Roan heard a lock being unlatched before the door opened, and he was surprised to find Scott there. “Roan? Hey man, what’s up?” he asked, before yawning extravagantly.
Oh, goddamn straight boys who appeared in their underwear and never realized how hot they were. Scott was wearing nothing but jockey style red underwear (red?), and he had that long, lean, hard body of the dedicated athlete, muscles slender but strong enough to make him look like he’d be a good blast shield in case of explosion. He didn’t have a six pack of abs but a two pack, his stomach flat as a washboard, and Roan really wanted to bite his knuckle. His weakness was men with those wonderfully solid, flat stomachs. Six packs were impressive and could be attractive, but not as much as these sandwich board guys. Why he had no idea, but that was just the way his libido went. He was suspicious of gym bunnies and men built too much like marble statues.
And his hair was sleep mussed, he had a dark stain of stubble along his jaw … crap, crap, crap. He was cute enough to give Dylan a run for his money. “I, uh, didn’t realize you lived here too,” Roan said, aware that if Scott was more awake, he might have noticed he looked at him a bit too long for comfort. (But damn, he was cute. It really caught him by surprise. At least he could console himself with the knowledge that a straight man, confronted with a hot woman in her underwear, probably would have been flustered for much longer.) But Scott had probably been on sports teams most of his life. He probably thought nothing of casual nudity and near nudity, unaware of the fact that he was smoking hot and could have been a model for a gay calender or underwear ad.
Scott nodded, yawning again, and running a hand through his hair. “Yeah, it’s easier to split the rent, and we’re used to rooming together on the road.” After dry washing his face, he honestly opened his eyes, and he squinted at his shirt. (Did he wear contact lenses?) “Is that blood?”
Roan looked down and checked. “Um, yeah.”
“Yours?”
“Some.”
He didn’t react to that admission at all. “Give it to me. I’ll getcha a clean shirt.”
“You don’t have to -”
“Yeah I do. You don’t wanna walk around in a bloody shirt. Besides, I got this great stuff that gets out bloodstains.” At Roan’s look, he clicked his tongue in impatience. “I play hockey. I better know how to get bloodstains outta clothes.”

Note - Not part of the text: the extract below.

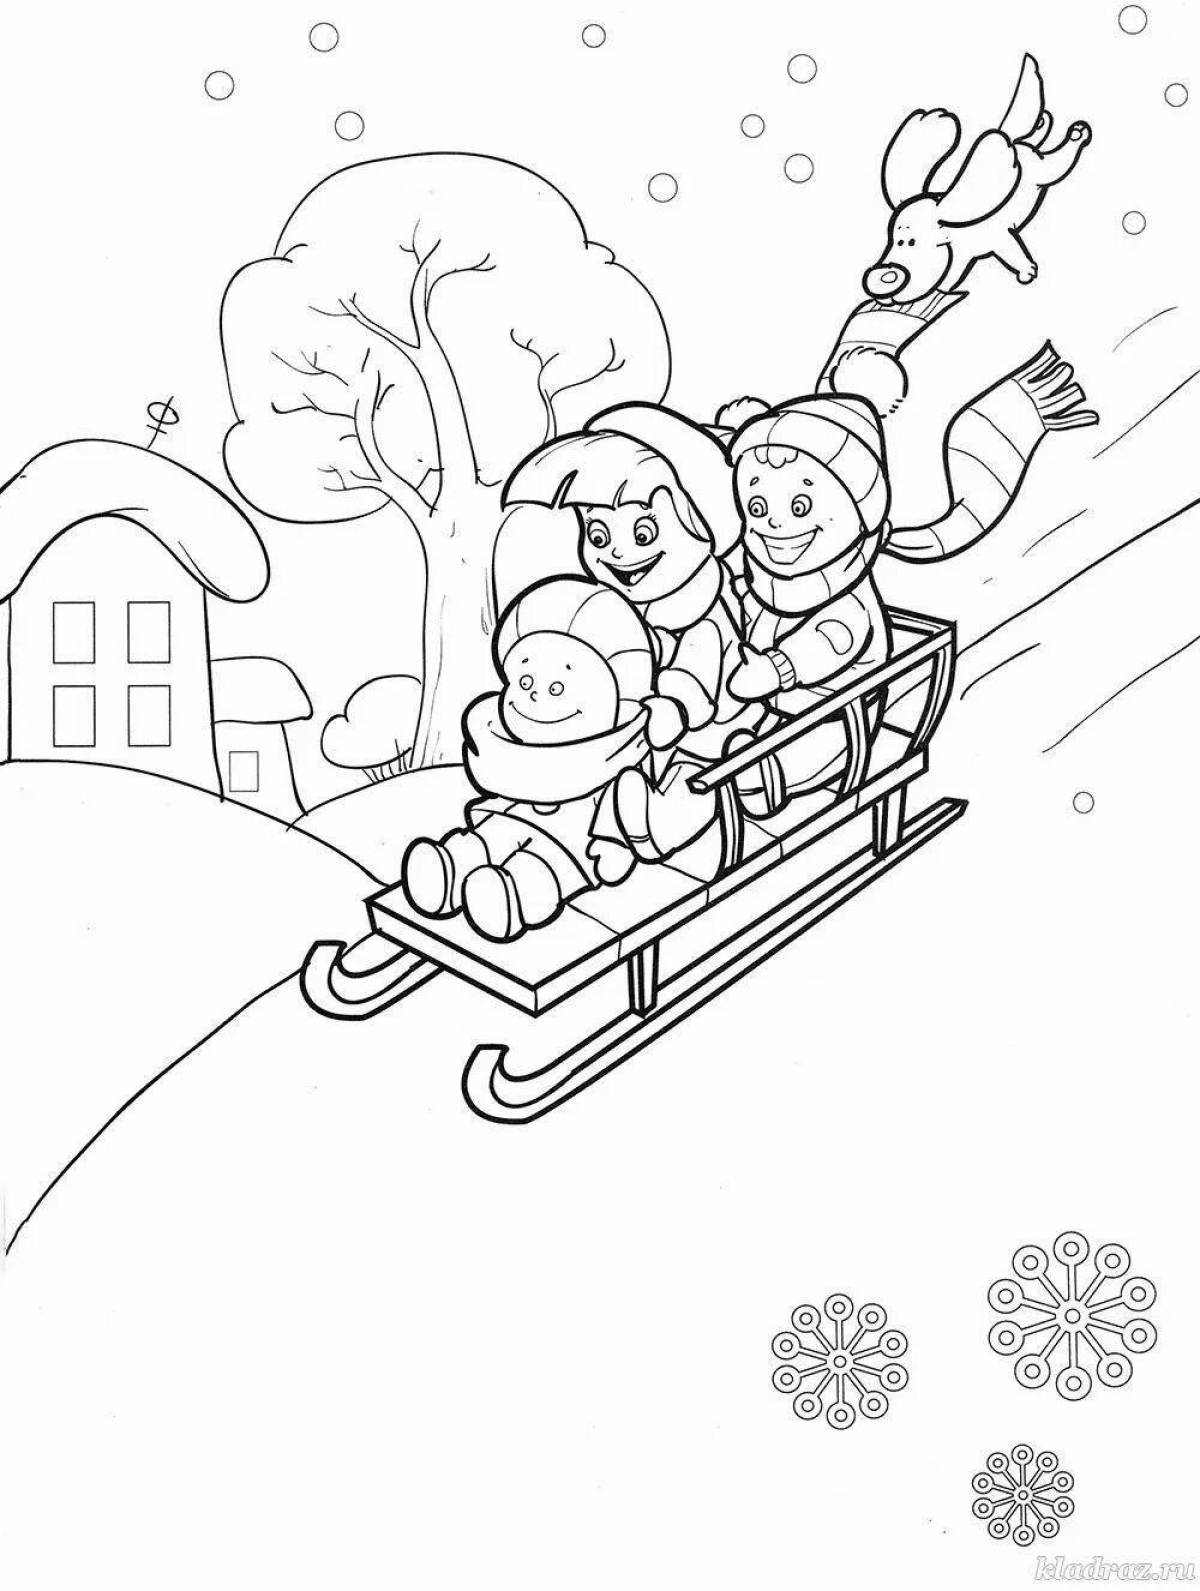 Shiny coloring pages rules of the road in winter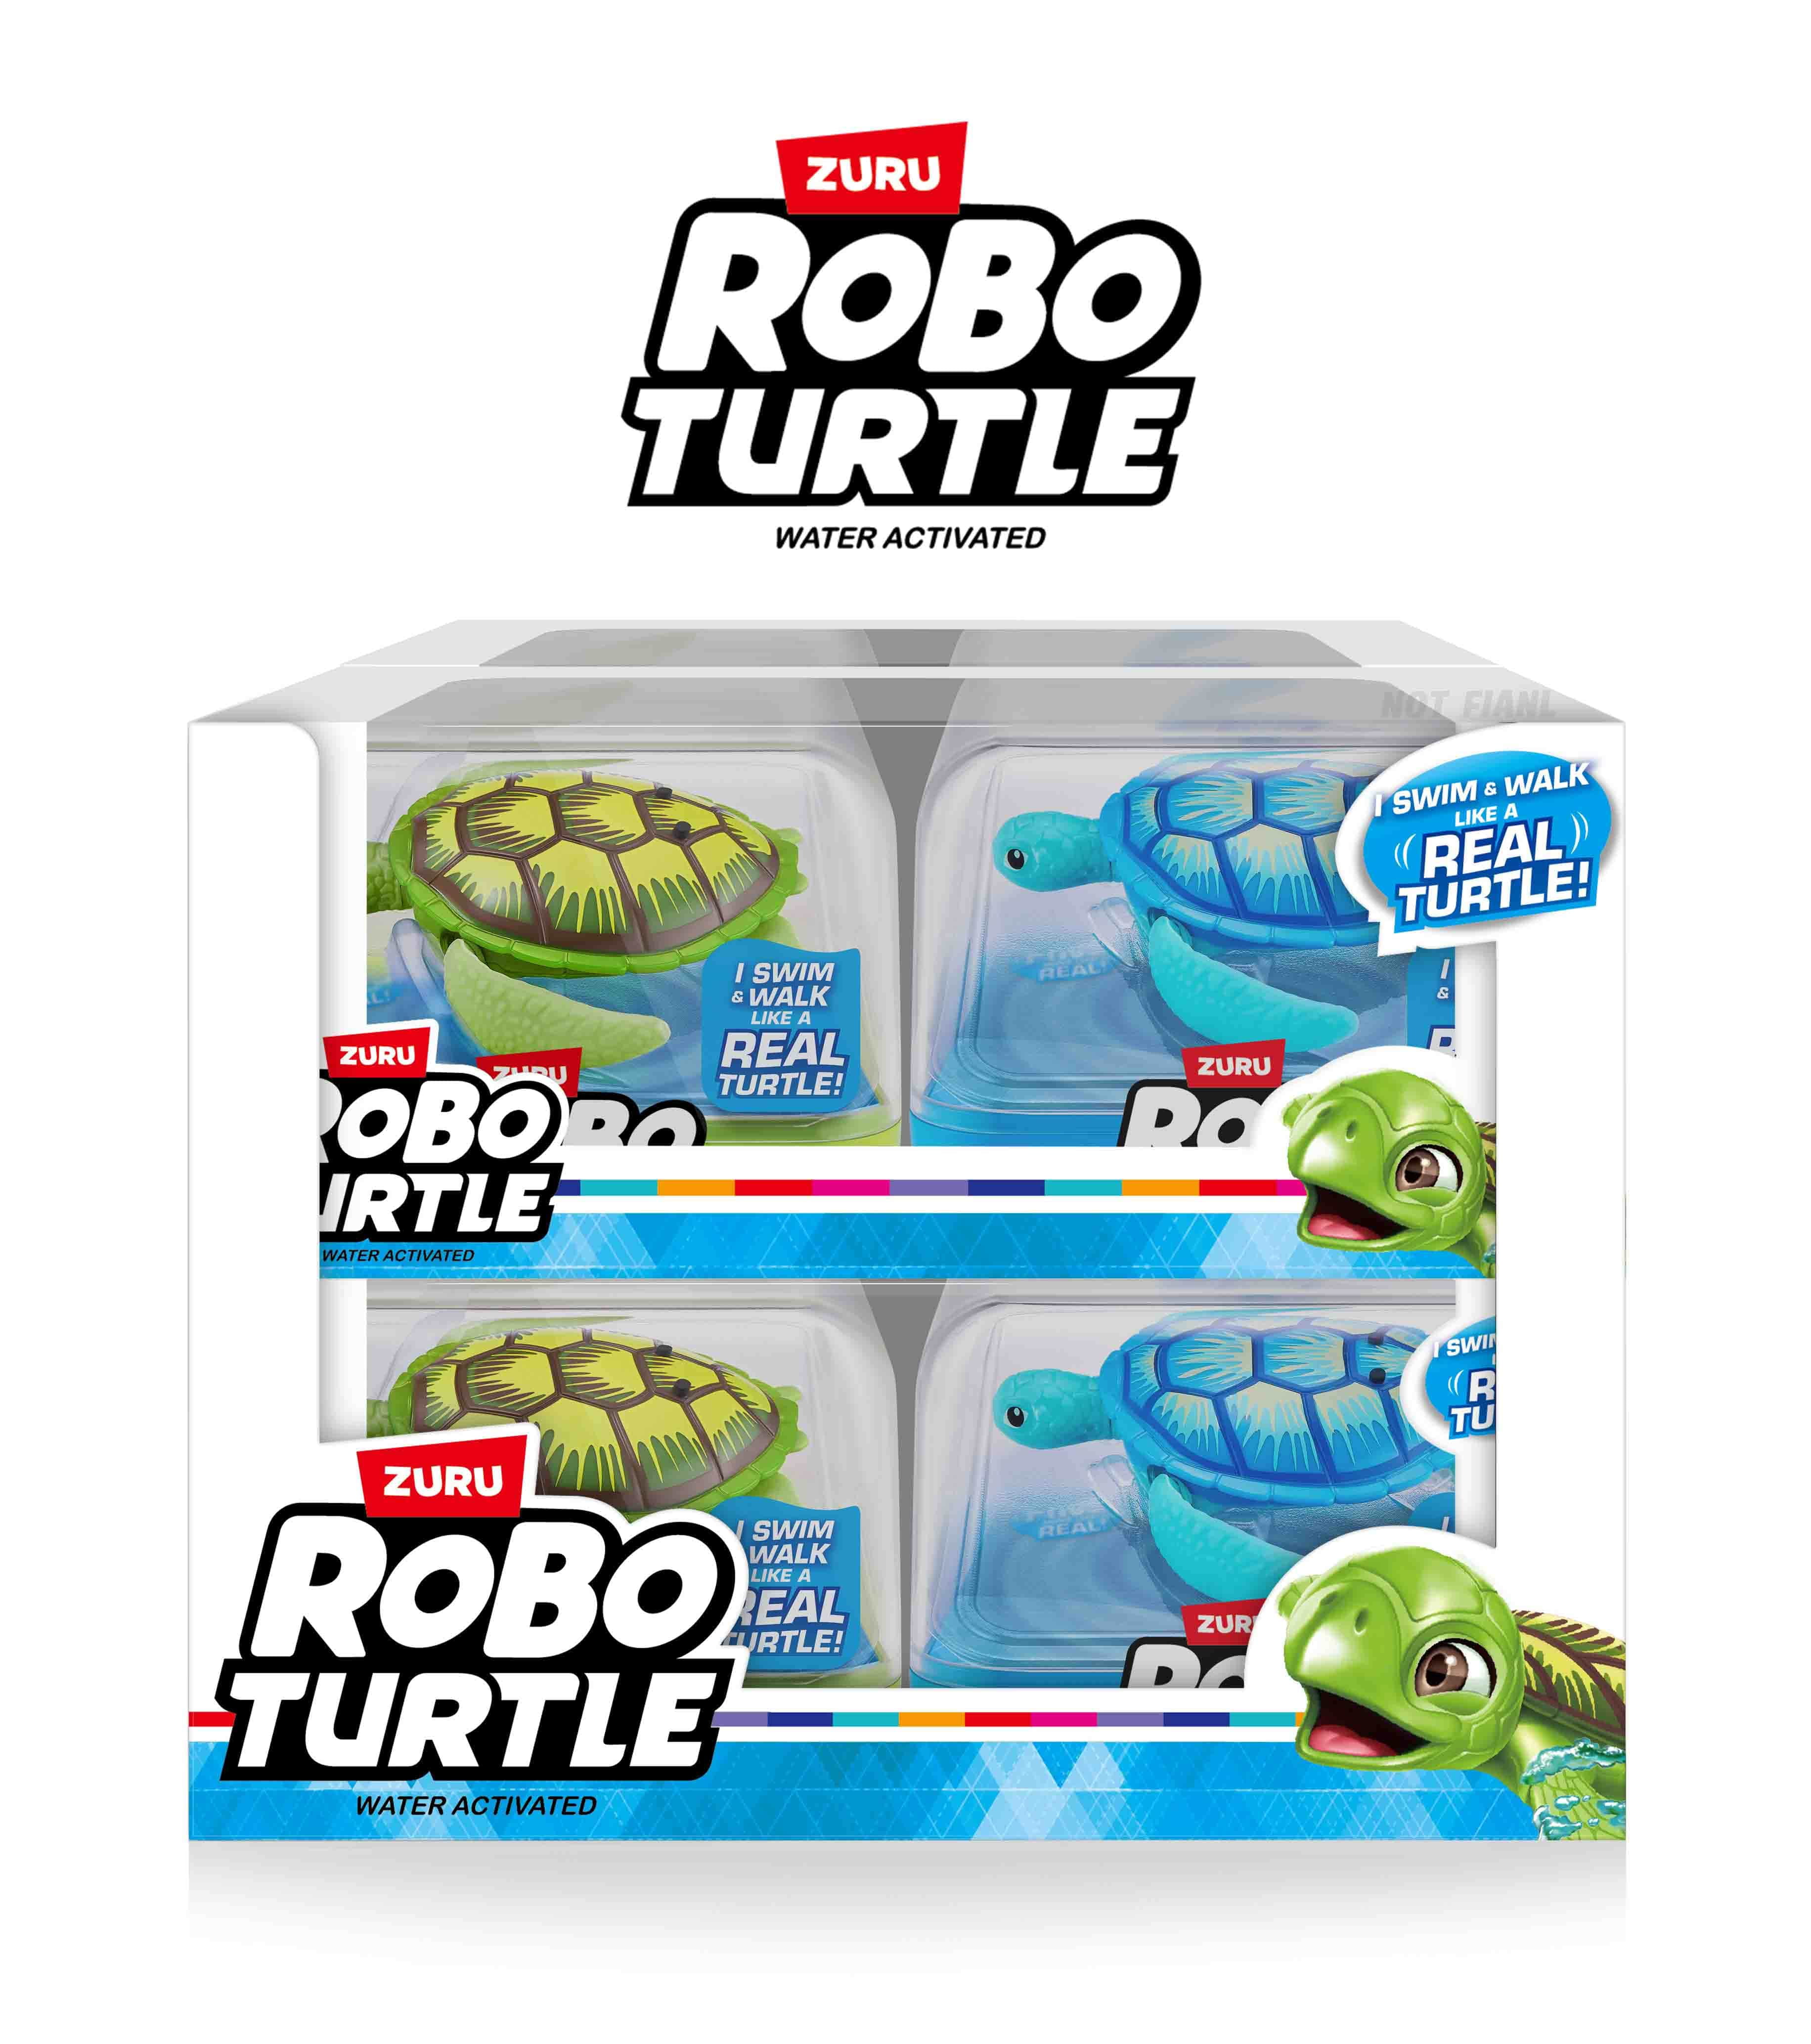 Robo Alive Turtle 2 Pack by Zuru Electronic Pet Action Figure

He was going to point out he thought the equipment manager did stuff like that, but hell, at the minor league level it might be more DIY. So Roan shrugged off his leather jacket, tossing it on the front room’s homely blue Goodwill couch, and peeled off his shirt, which was a bit more damp than he thought. But the bleeding from his mouth was always much more than he expected, and he had no idea why. Shouldn’t he be used to it by now? He turned the shirt inside out and tried to hand the shirt over on a dry side, and Scott gasped in shock. Roan suddenly and horribly remembered his scars. Oh shit, how did he forget about these things?
“That is fucking awesome,” Scott said, coming over and grabbing his arm. He was, it turned out, looking at the tiger tattoo Dylan drew for him. “Oh my god. Where’d you get that done?”
“Actually it was drawn by my boyfriend. Someone else tattooed it on, but she followed his design.”
“Wow. Could he do one for me?”
“Umm, I don’t know. You could ask.”
“Yeah, I will. That’s beautiful.” He stared at the tiger for a moment, and then unconsciously caressed it with his thumb before letting his arm go. It raised goosebumps on Roan’s arm, and he really wanted to hit him. Damn straight boy – he had no fucking clue, did he?
He walked away, holding Roan’s bloody shirt, and he couldn’t help but notice what a great ass Scott had as he called back, “You’re here to see Grey, right?”
“Right.”
Scott headed down a small hall, that was parallel to the small, open kitchen. It may have been the apartment of two straight bachelors, but it seemed remarkably tidy, and all the pale stained hardwood suggested a warmth reinforced by the hominess of the mismatched but not inelegant Goodwill furniture. The only thing that really gave this away as a guy’s place was the sheer number of remotes scattered across the coffee table.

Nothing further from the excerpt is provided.